Legalization Research: Asking Mild Questions Produces Soothing Answers

By David North on April 13, 2010

A well-attended session at a Washington think tank yesterday provided some nuanced clues as to the intellectual rhetoric that will accompany the upcoming legalization debate.

Briefly: 1) if your research asks soft questions, you will get soft answers, and 2) there are the inevitable statements that legalization is just part of a broader, thoughtful, problem-solving program.

The setting was a seminar at the Migration Policy Institute a few blocks north of the White House. The academic speakers were led by Magnus Lofstrom and Laura Hill of the somewhat similar Public Policy Institute of California, and the subject was their paper "Immigrant Legalization: Assessing the Labor Market Effects". I could not tell if the third author, Joseph M. Hayes, was in the room.

The report states: "Many observers believe that a legalization program could have significant economic impacts.
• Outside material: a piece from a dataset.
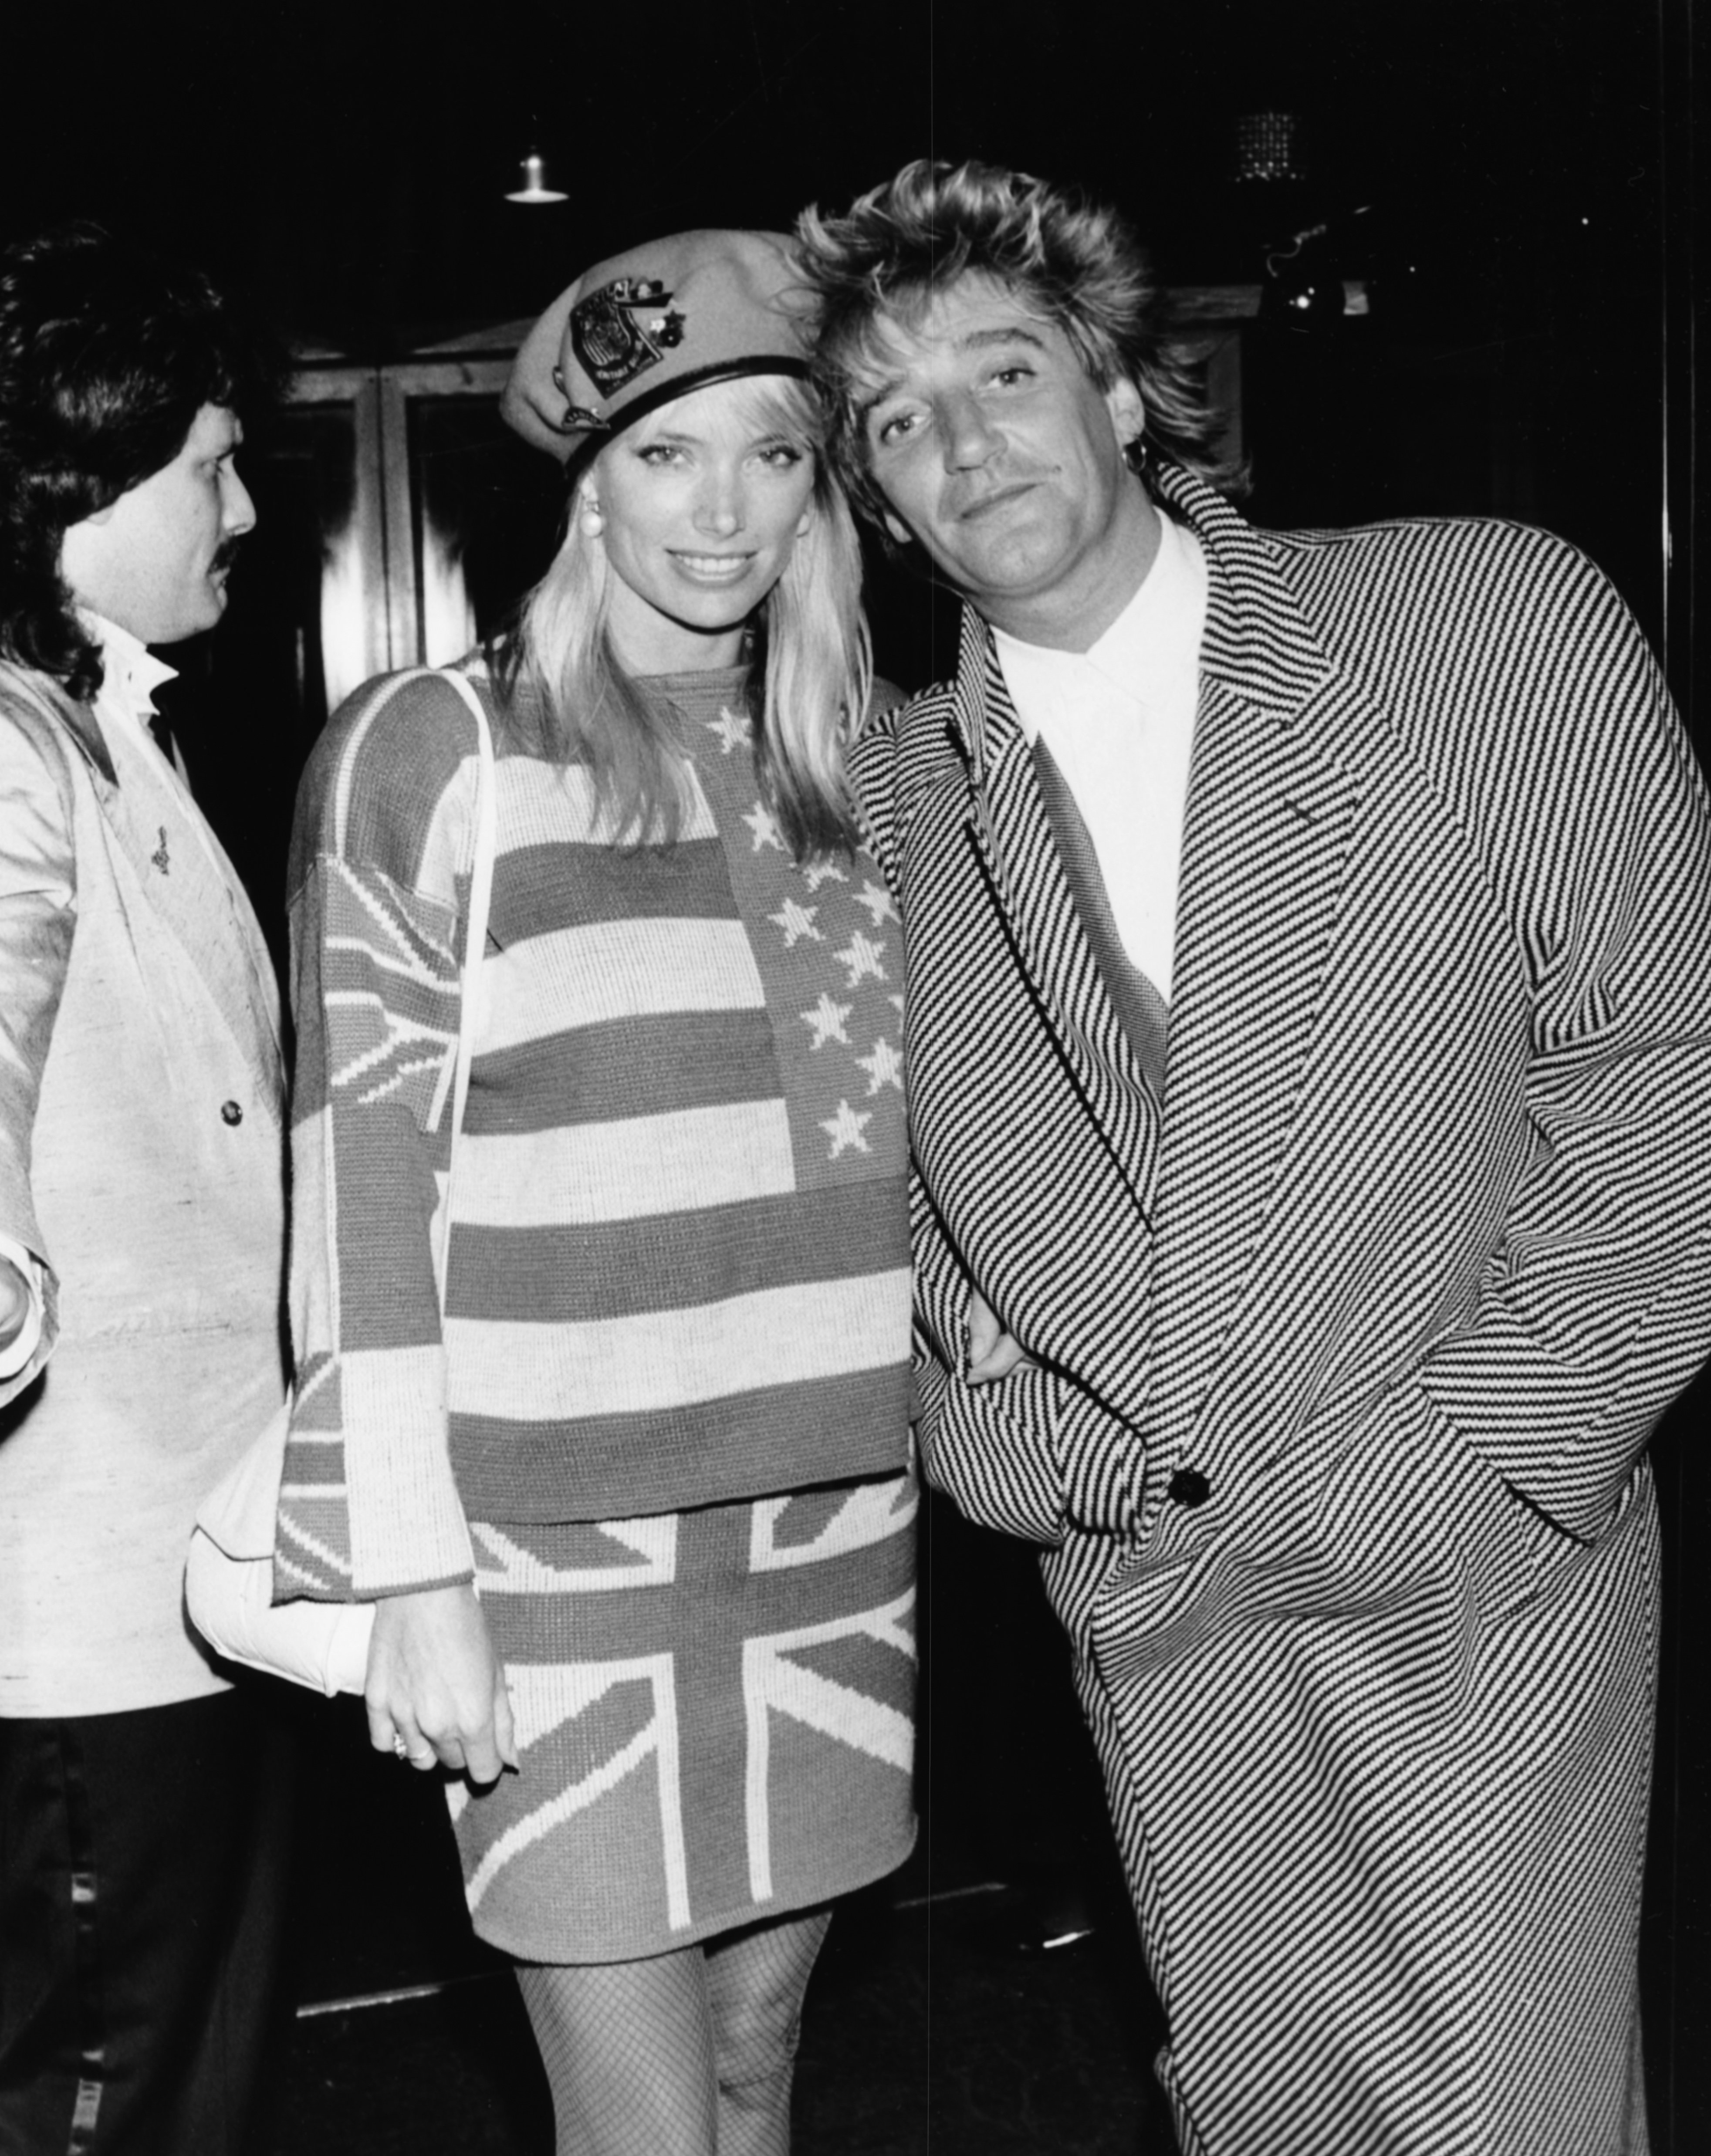 Rod Stewart and model Kelly Emberg at Stringfellows nightclub in London, September 18th 1986 | Photo: GettyImages

Our research suggests otherwise. This report finds that legalizing most currently unauthorized immigrants would not lead to dramatic changes in the labor market, either for unauthorized immigrants or for native workers."

The workers, after all, are already here and active, and legalization will not "increase the occupational mobility or wages of most unauthorised immigrants, at least in the short run." Similarly they predict, based on a survey of a slice of the illegal alien population, that there will not be much of an impact on "tax revenues or public assistance programs."
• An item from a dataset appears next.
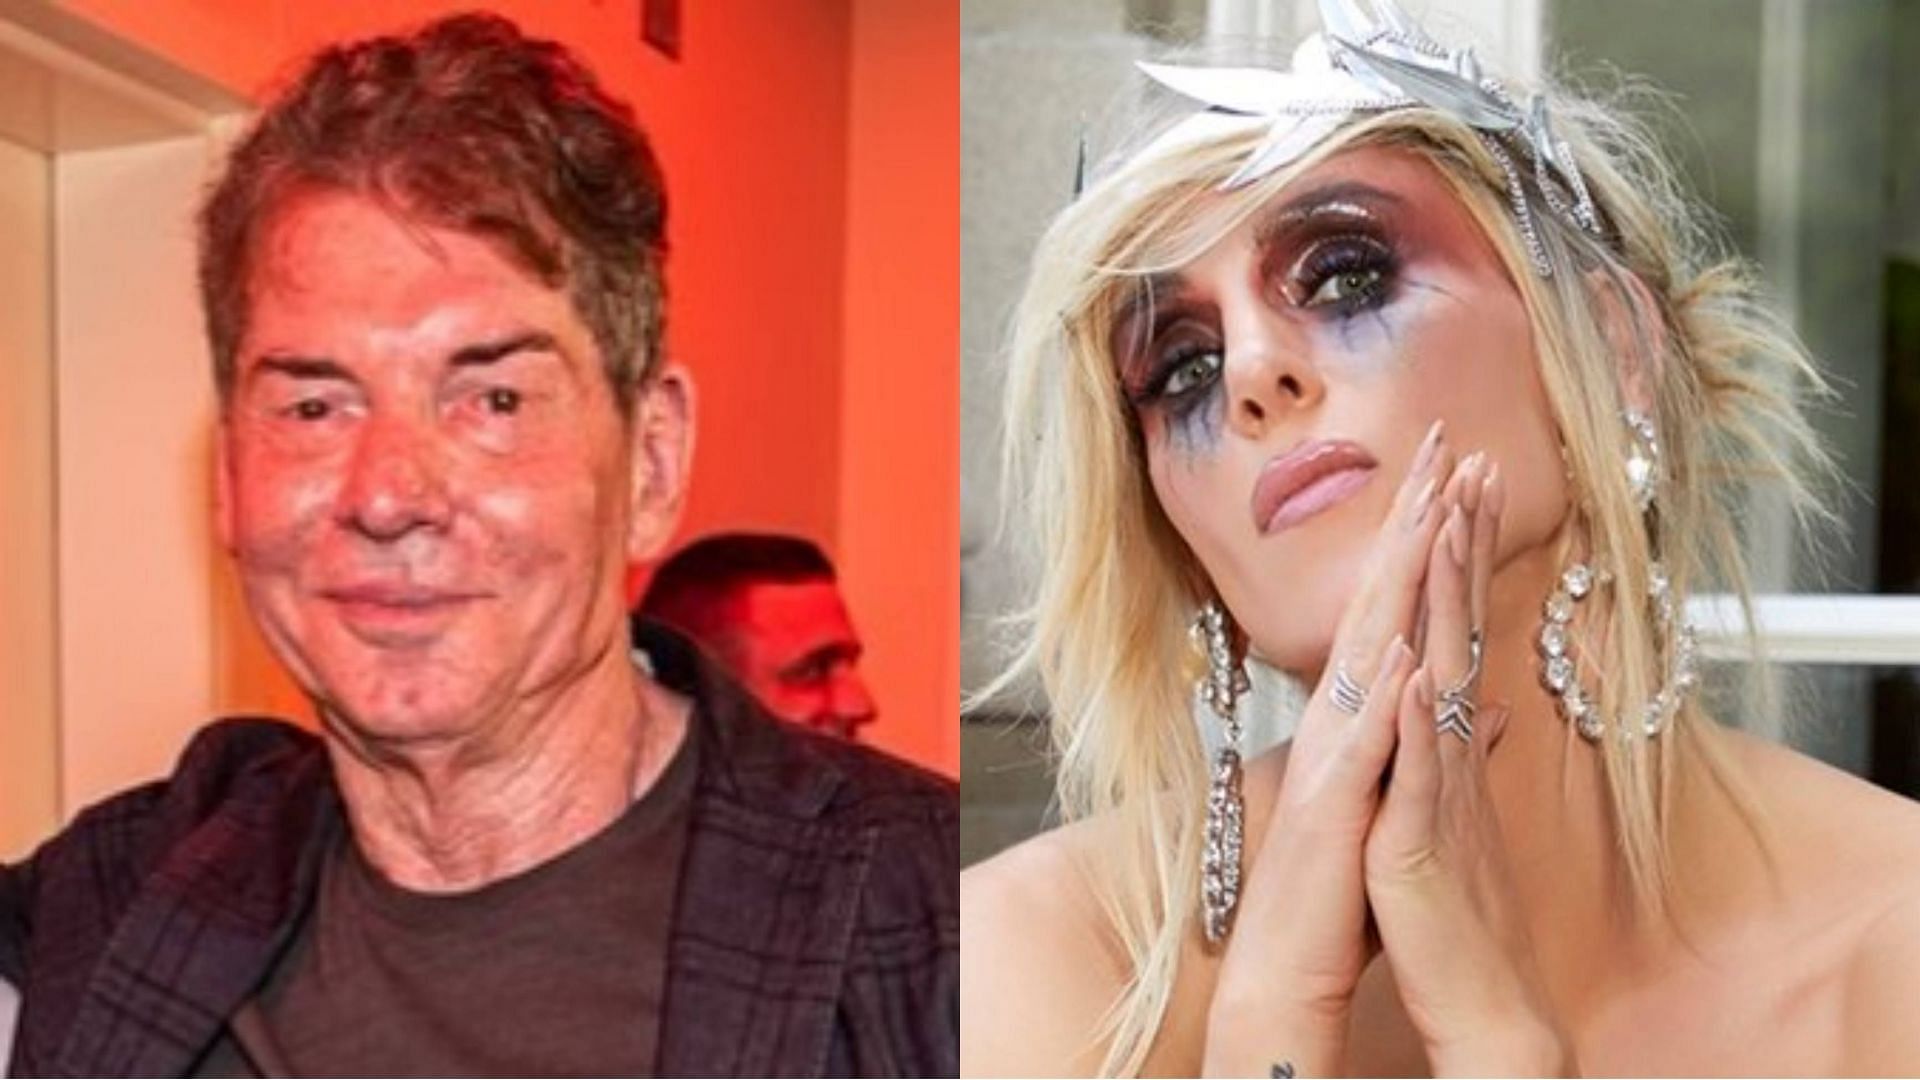 Vince McMahon (left) and Charlotte Flair (right)

The summary also included this intriguing sentence: "In particular, the lack of upward occupational mobility among low-skill unauthorized workers suggests that legalization will not lead to much, if any, increase in labor market competition with low-skill natives."

No effort was made to assess the current, drastic extent to which low-skilled natives suffer from such competition.

They also come to the conclusion – attacked by one of the other academic speakers – that "87 percent of former crossers [EWIs from Mexico] and 91 percent of overstayers filed federal tax returns in 2002." We will deal with this remarkable finding in a later blog.

Washington traffic had been snarled by the 40 or so heads of state meeting with President Obama, and so I was late to the immigration discussion. When question time came I said that I had arrived late, and may have missed it, but since the research dealt with the prospective labor market impacts of a legalization program what did the authors think of the labor market impacts of the highly likely follow-on migration of more illegals in the wake of an amnesty – much as we experienced 20 years earlier?

The response, from Dr. Lofstrom, was that they did not deal with such "speculative matters."

If you ask soft questions of your data, you get soft answers.

Then there was the inevitable remark, this time by a member of the audience, that legalization should not be considered in a vacuum; that it would be part of a comprehensive package that would, it was implied, solve any related problems, like continued inward flows of still more unauthorized workers.

An old hand I knew from INS days then whispered to me, "that's just what we thought during IRCA."

That the population of interest consisted of lawbreakers was largely ignored in the choice of words such as "unauthorized workers," but there was an interesting exception dealing with, but not mentioning, identity theft. Why not use "undocumented worker" they ask. "First, for precision. Many immigrants live and work in the United States without proper legal authority. However, many of these immigrants do have documents."

Just how they obtained these documents, needless to say, was not discussed.